▶ **Provided data**
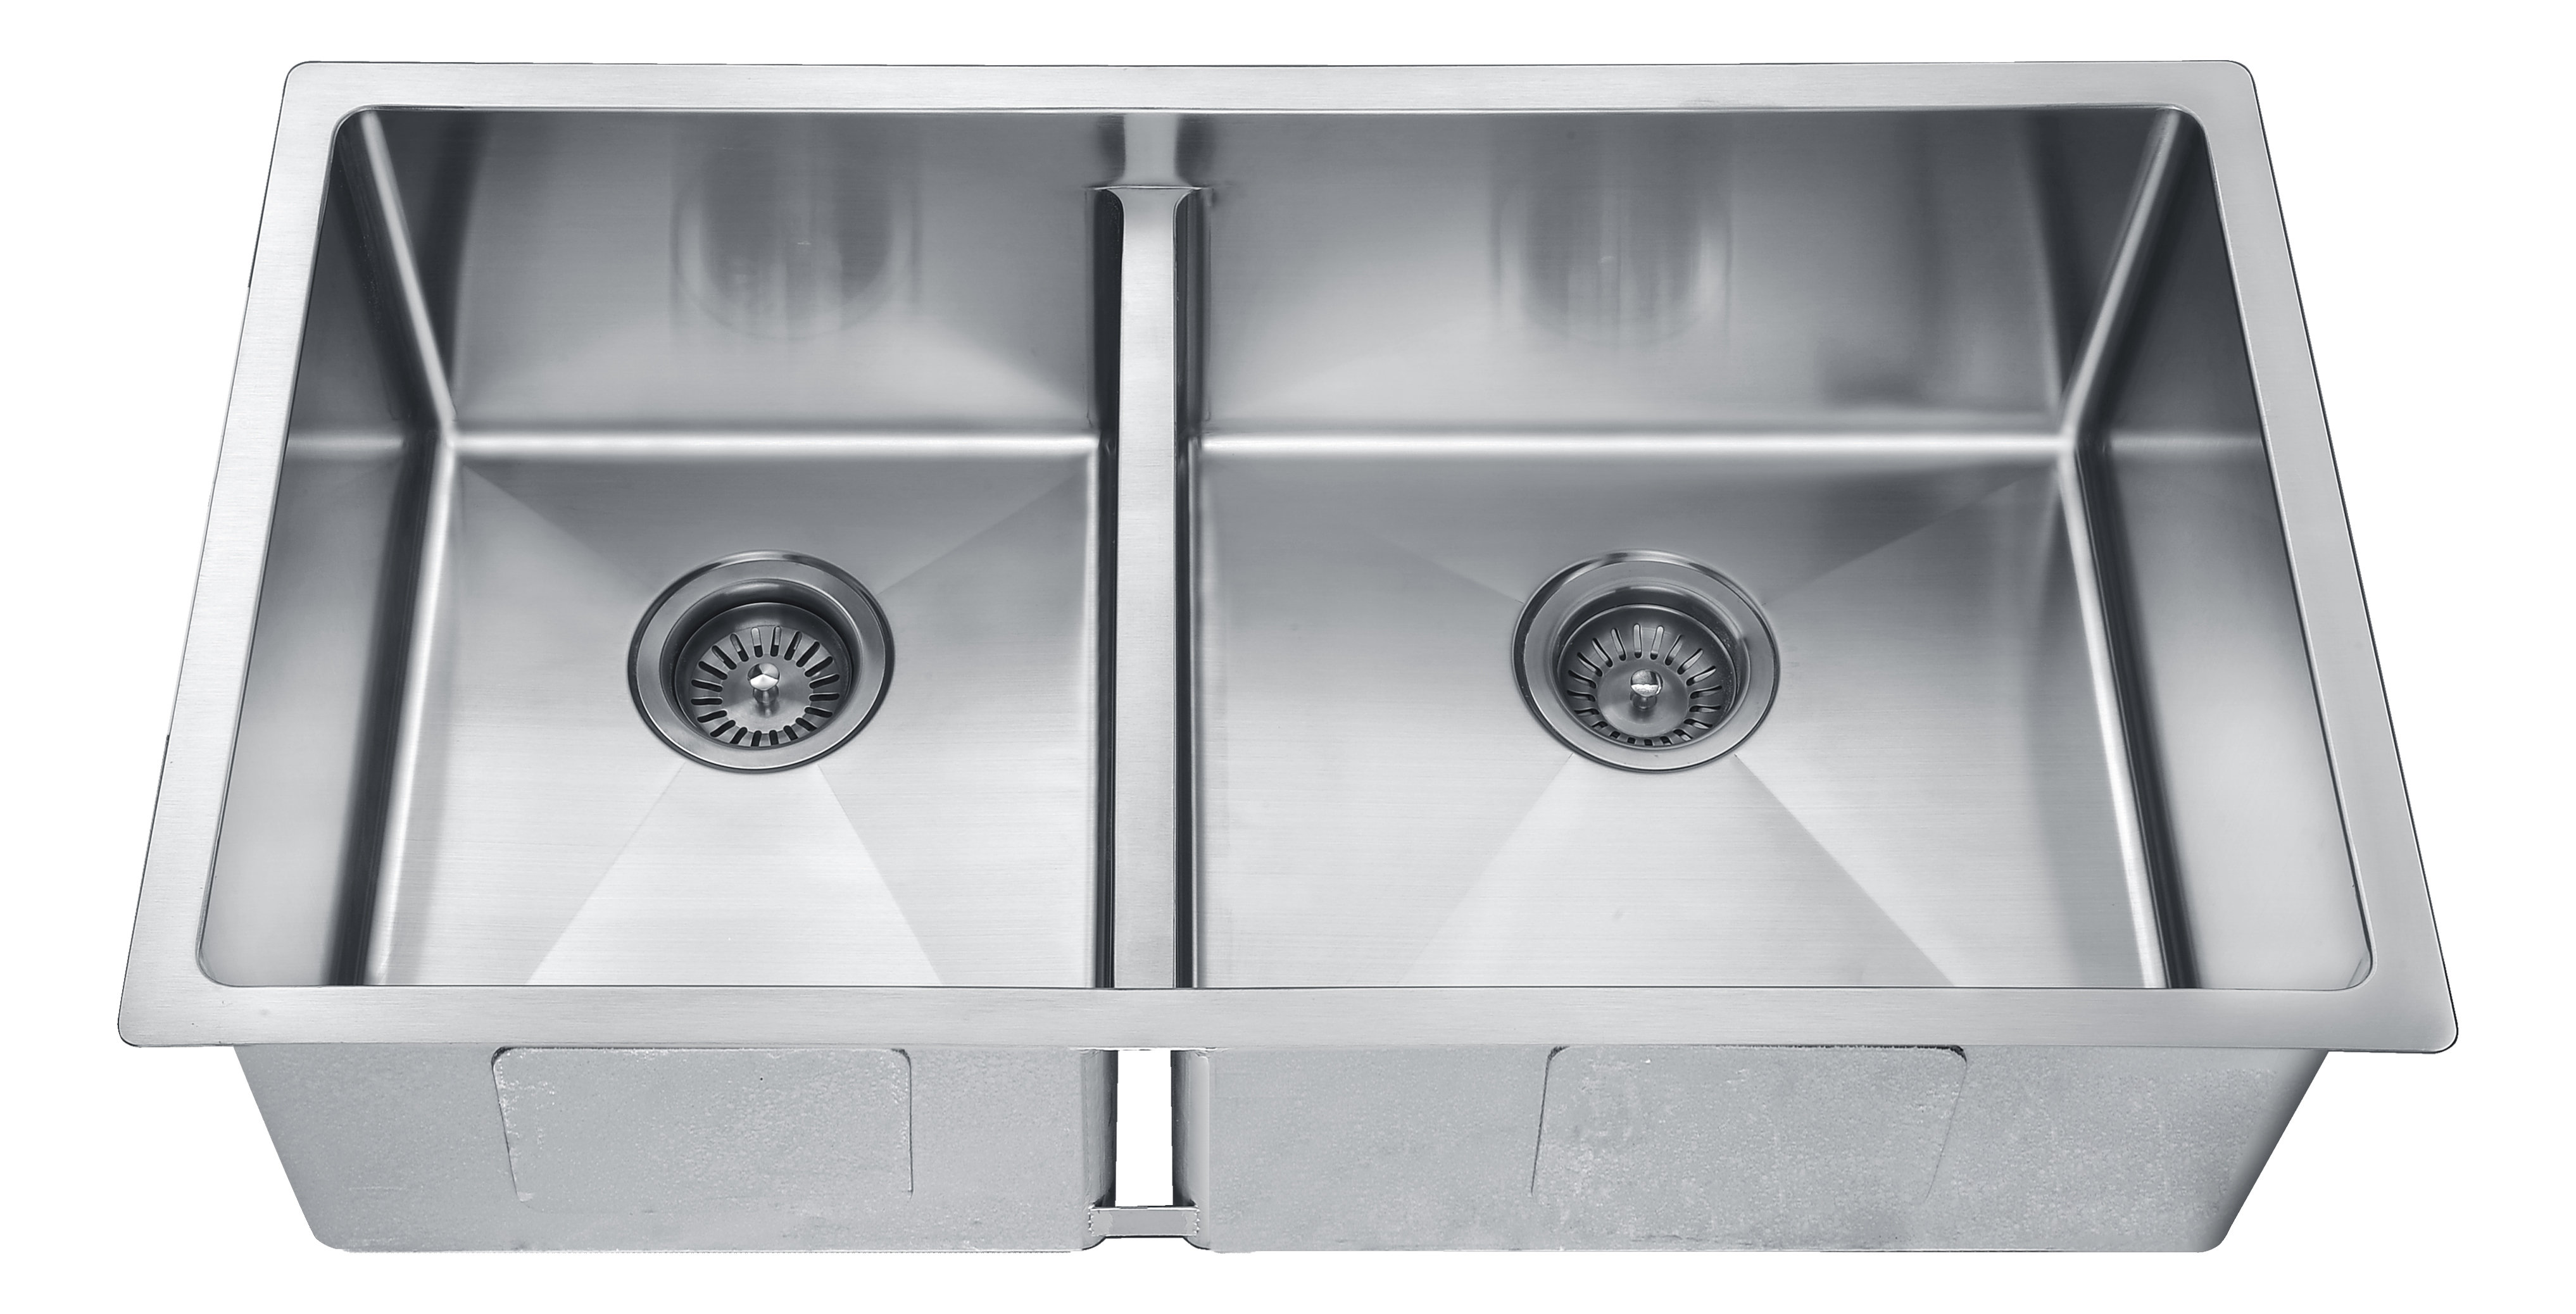 Serene Valley Stainless Steel 36 in. Double Bowl Drop-In or Undermount Kitchen Sink with Thin Divider, Silver
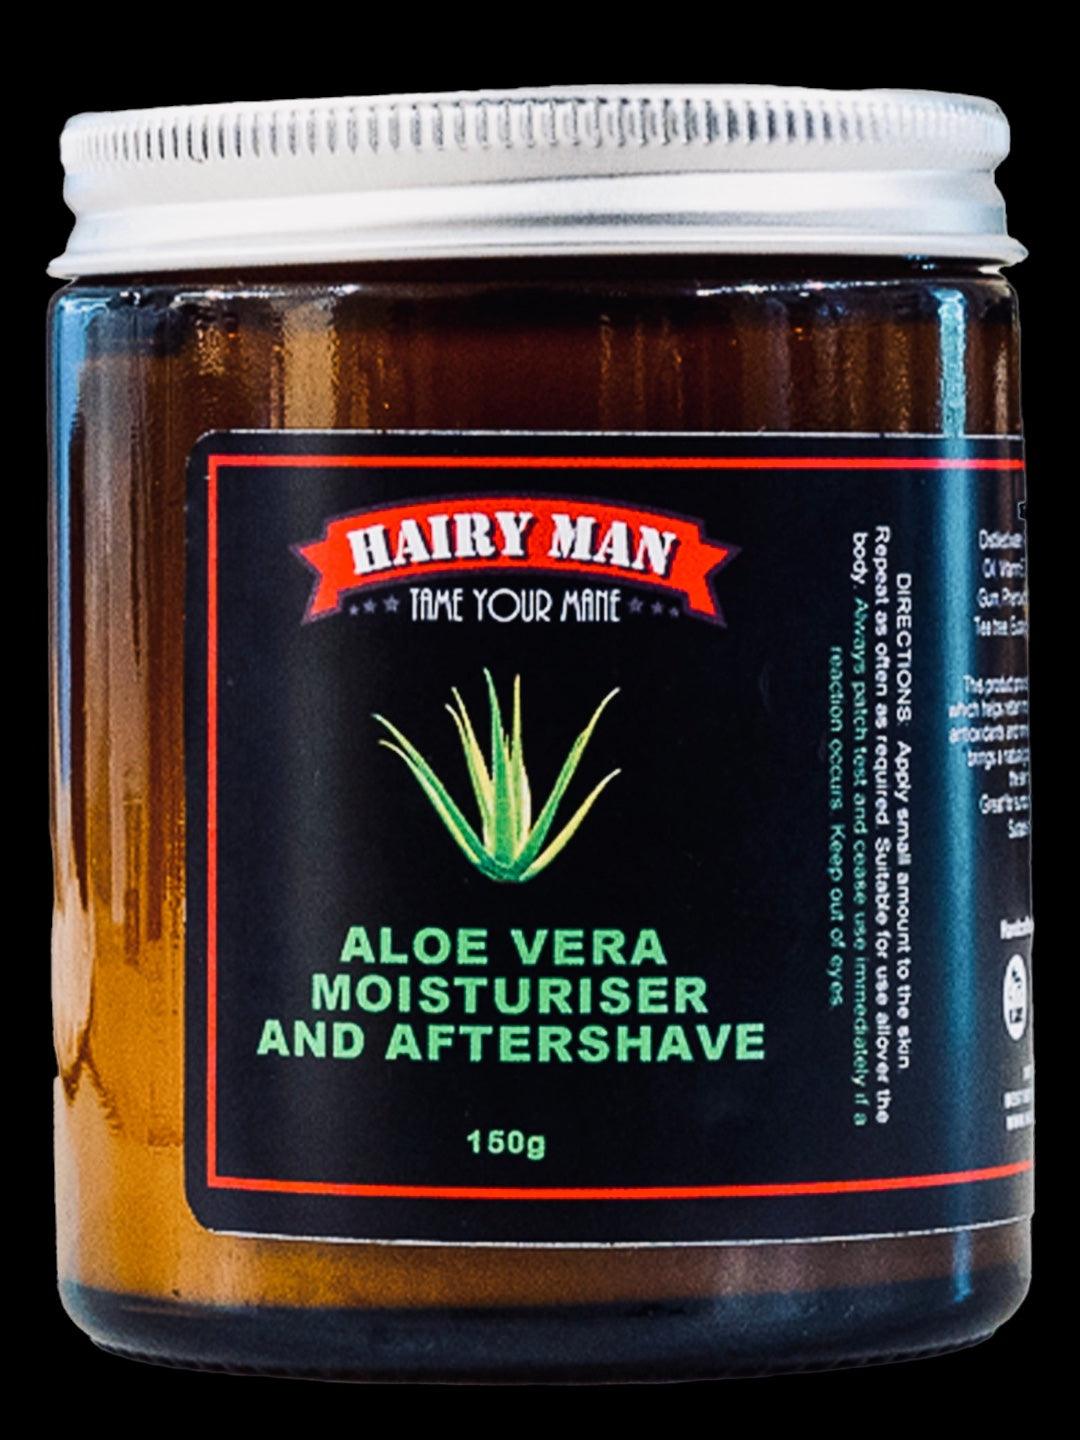 Aloe Vera Moisturizer And Aftershave 150G - Hairy Man Care
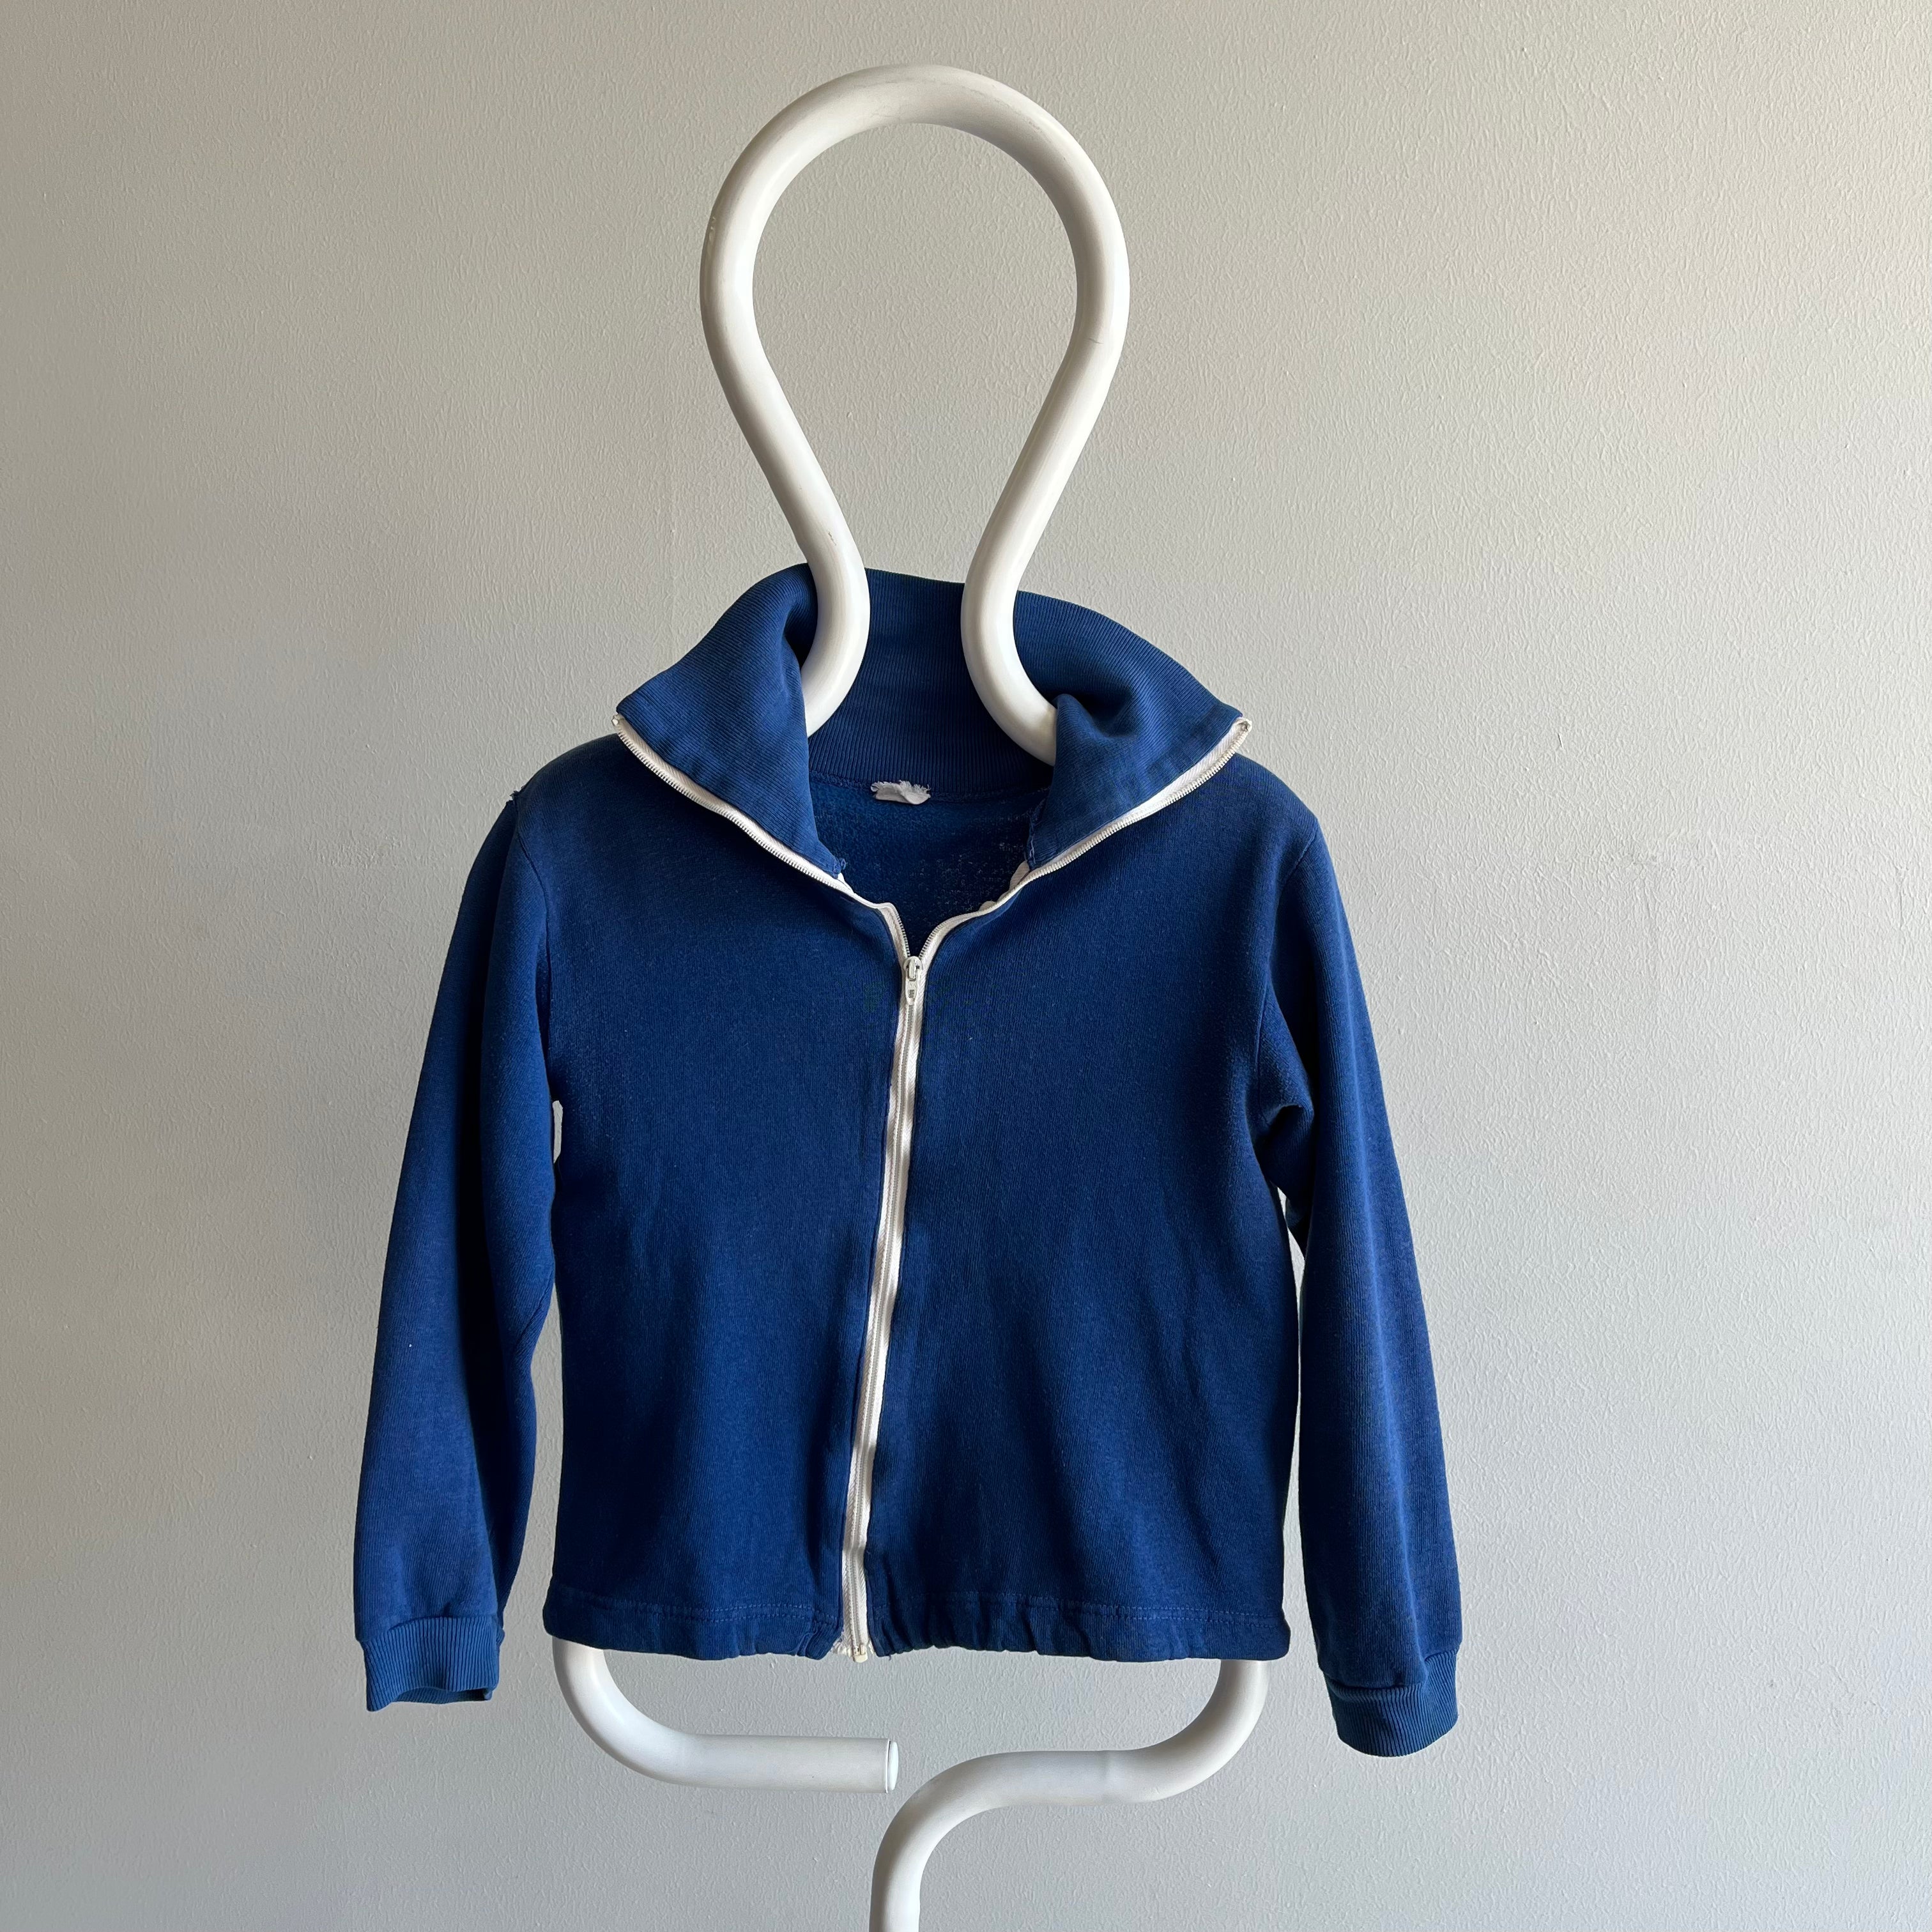 1960/70s Beat Up and Slouchy Mock Neck Zip Up

▶ **Try it**
Pictures stay out; all other material above is restated word for word.

▶ **Solution**
 Serene Valley Stainless Steel 36 in. Double Bowl Drop-In or Undermount Kitchen Sink with Thin Divider, Silver
 Aloe Vera Moisturizer And Aftershave 150G - Hairy Man Care
 1960/70s Beat Up and Slouchy Mock Neck Zip Up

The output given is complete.